Another theme concerns Sraffa’s contribution to the understanding of price formation in the long period. Five essays explore this theme with an explicit reference to Sraffa’s work. Chapter 8, by Jonathan Smith, is a contribution to the biography of Sraffa and concerns his association with Trinity College over a period of forty-three years and the impact of such an association on Sraffa’s life and work. Chapter 9, by Neri Salvadori, explores the relationship between the proof of the existence of the Standard commodity contained in section 37 of Sraffa’s book and the proof supplied to Sraffa by Besicovitch on 21 September 1944, and postulates some reasons which led Sraffa to omit this proof in his book in favour of an incomplete argument. Chapter 10 is a general assessment of Sraffa’s 1960 book; its importance is also related to the author of the assessment, Duncan Foley. Chapter 11, by Enrico Bellino and Ariel Wirkierman, analyses and compares two different streams along which Sraffa’s analysis has been developed and extended. Chapter 12, by Ulrich Krause, moves from the circularity in the production structure of commodities of Production of Commodities by Means of Commodities to the circular structure of interacting individuals. Bertram Schefold, in Chapter 13, relates Sraffa’s joint production method in the treatment of fixed capital to Max Weber’s theory of modern capitalism.

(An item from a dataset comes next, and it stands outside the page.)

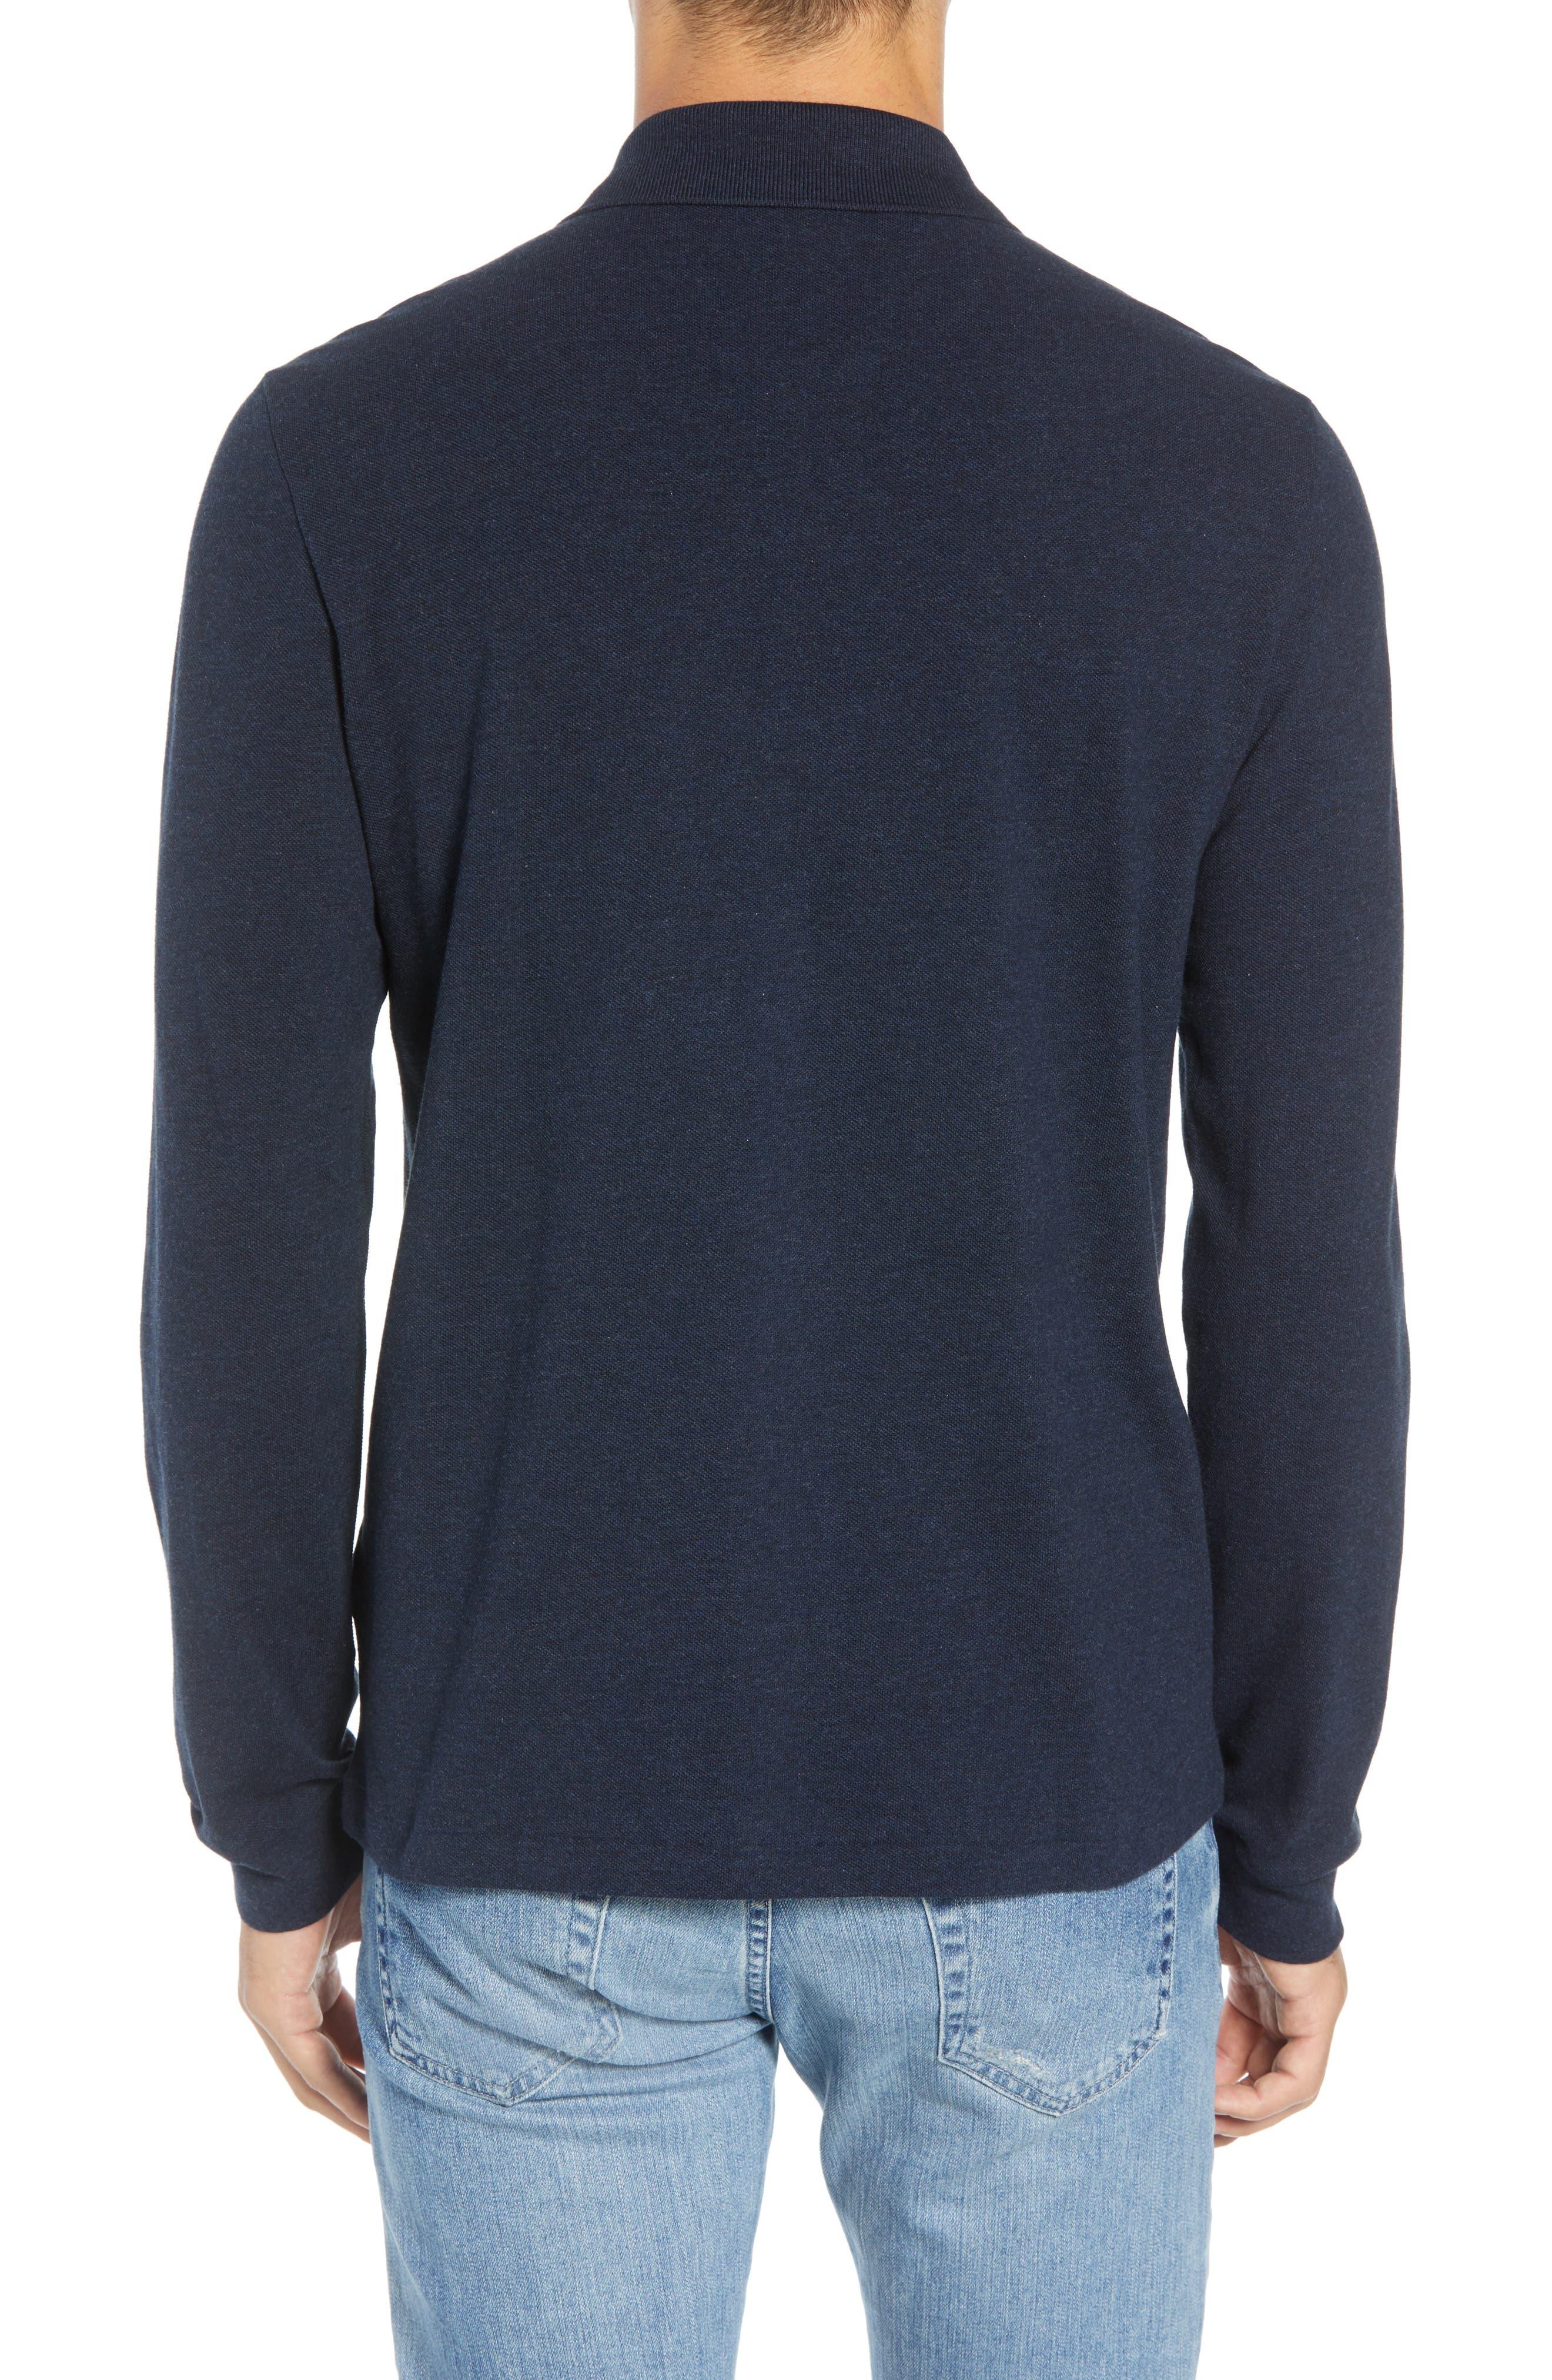 LACOSTE, Long Sleeve Piqué Polo, Alternate thumbnail 2, color, ECLIPSE BLUE CHINE
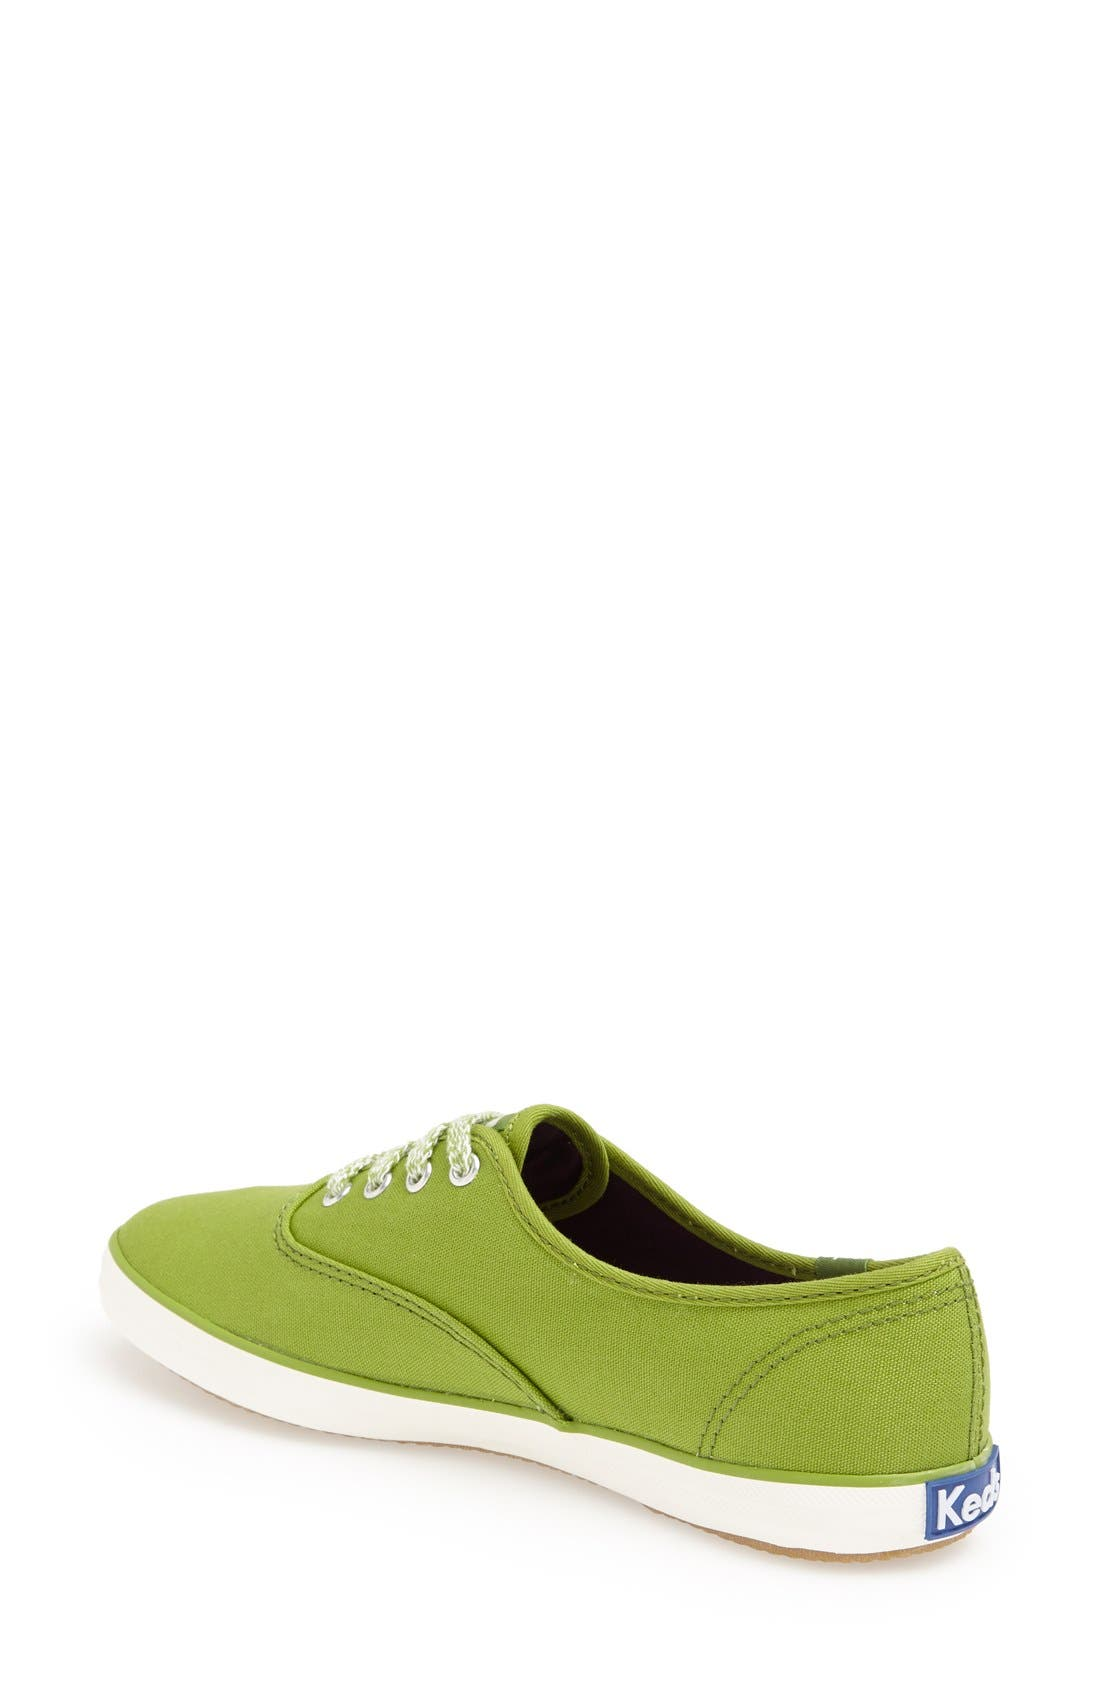 Alternate Image 2  - Keds® 'Champion' Canvas Sneaker (Women)

Four further essays explore the same theme, but are more focused on linear models of production. Chapter 14, by Christian Bidard, is a contribution to extensive rent theory when more than one agricultural product exists. Chapter 15, by Christian Lager, helps to reduce the gap between applied input–output analysis and the Sraffian economic literature by suggesting ways to deal with joint production in applied input–output models. Chapter 16, by Eiji Hosoda, uses a three-sectoral linear model to determine a formula for the supply of emission permits by which the government can meet the target amount of emission while keeping the economy in a steady-state equilibrium. Chapter 17, by Takao Fujimoto and Alejandro Valle Baeza, explores the relation between the labour value and the market price of a commodity and presents a new theory of the tendency of the rate of profit to fall in spite of Okishio’s theorem.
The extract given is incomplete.